"As you will, sir," replied his dragoman; "there is no difference between night and day, now that they are using the tides for the provision of electric power."
The Angel took a note of the fact. "What do they manufacture here?" he asked.
"The entire town," returned his dragoman, "which now extends from the old Liverpool to the old Manchester (as indeed its name implies), is occupied with expanding the tabloids of food which are landed in its port from the new worlds. This and the town of Brister, reaching from the old Bristol to the old Gloucester, have had the monopoly of food expansion for the United Kingdom since 1940."
"By what means precisely?" asked the Angel.

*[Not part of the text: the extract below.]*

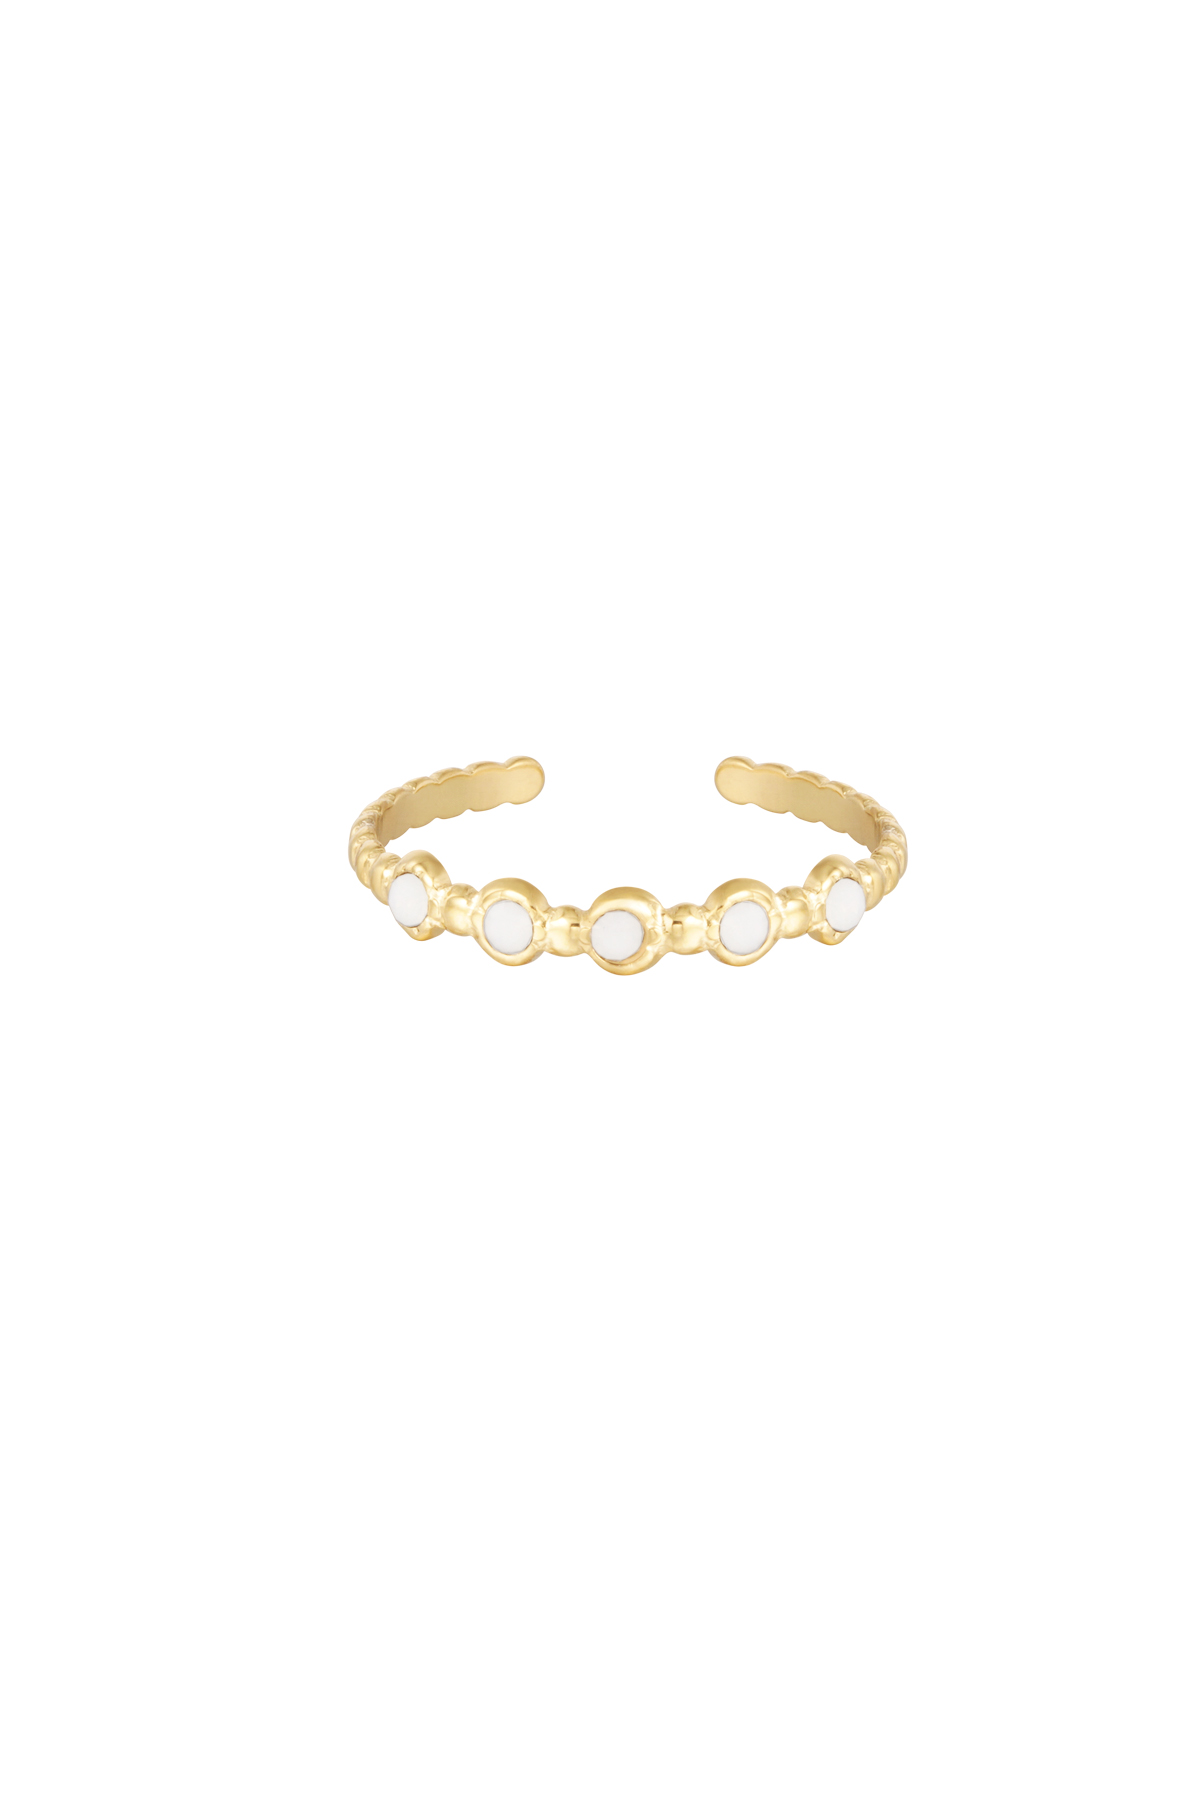 Ring steentjes - goud/wit

"Congenial environment and bacteriology," responded his dragoman. They walked for some time in silence, flying a little now and then in the dirtier streets, before the Angel spoke again:
"It is curious," he said, "but I perceive no difference between this town and those I remember on my visit in 1910, save that the streets are better lighted, which is not an unmixed joy, for they are dirty and full of people whose faces do not please me."
"Ah! sir," replied his dragoman, "it is too much to expect that the wonderful darkness which prevailed at the time of the Great Skirmish could endure; then, indeed, one could indulge the hope that the houses were all built by Wren, and the people all clean and beautiful. There is no poetry now."
"No!" said the Angel, sniffing, "but there is atmosphere, and it is not agreeable."
"Mankind, when herded together, will smell," answered his dragoman. "You cannot avoid it. What with old clothes, patchouli, petrol, fried fish and the fag, those five essentials of human life, the atmosphere of Turner and Corot are as nothing."
"But do you not run your towns to please yourselves?" said the Angel.